**Material supplied**
____

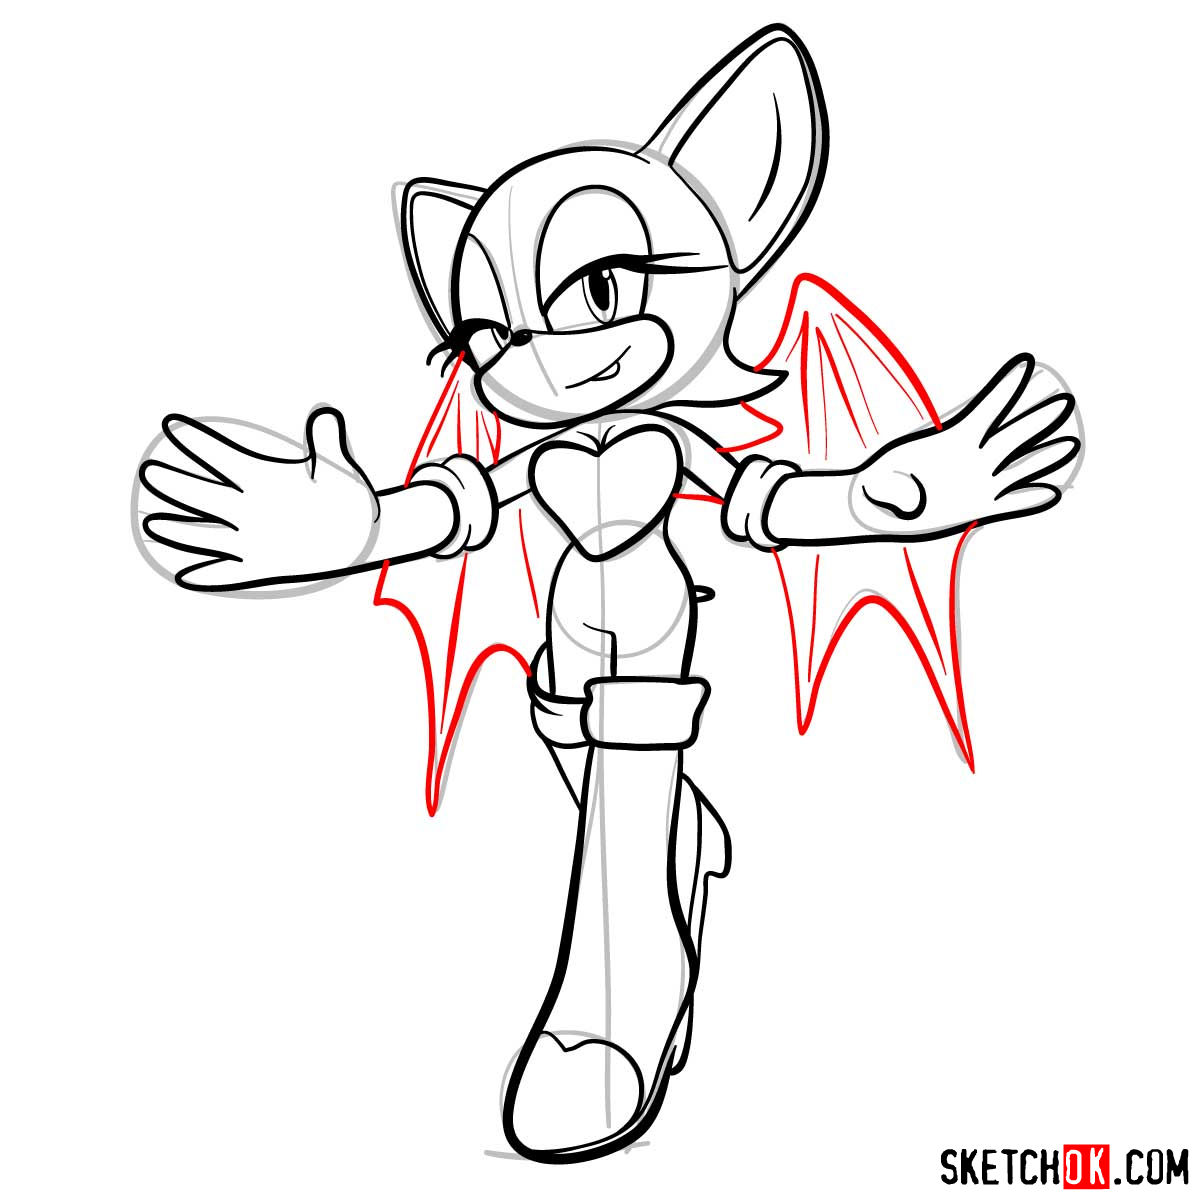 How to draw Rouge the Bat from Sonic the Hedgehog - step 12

____

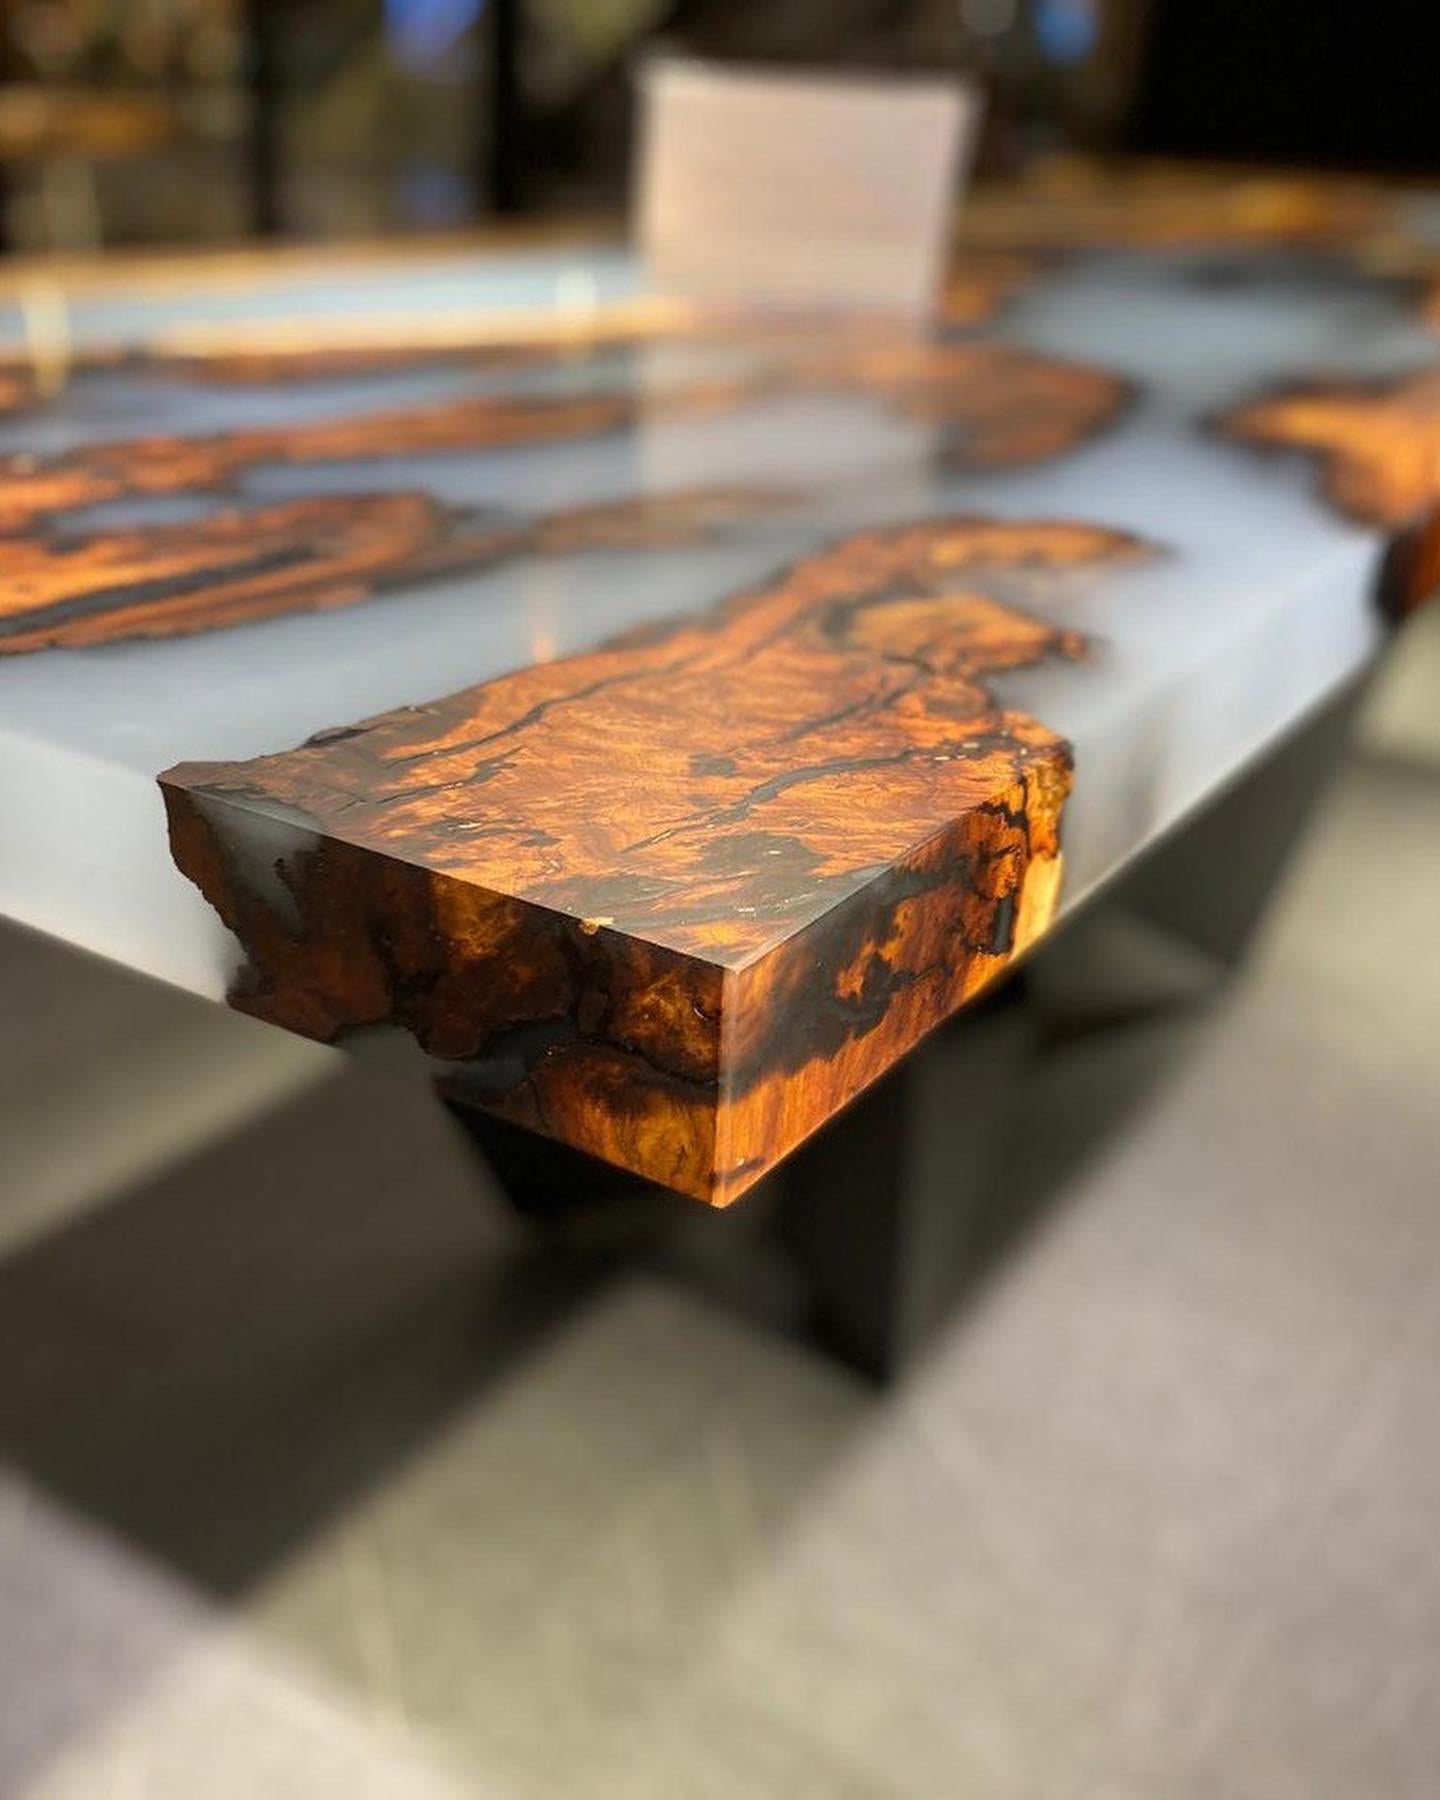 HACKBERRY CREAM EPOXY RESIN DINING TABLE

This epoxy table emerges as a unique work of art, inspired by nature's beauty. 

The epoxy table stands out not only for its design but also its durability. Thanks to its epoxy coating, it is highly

____

**Exercise requirements**
When the line with "This epoxy table" is reached in the data above, start copying there, and copy each line exactly until the line with "The epoxy table" has been copied; copy nothing else.

**Your response**
This epoxy table emerges as a unique work of art, inspired by nature's beauty. 

The epoxy table stands out not only for its design but also its durability. Thanks to its epoxy coating, it is highly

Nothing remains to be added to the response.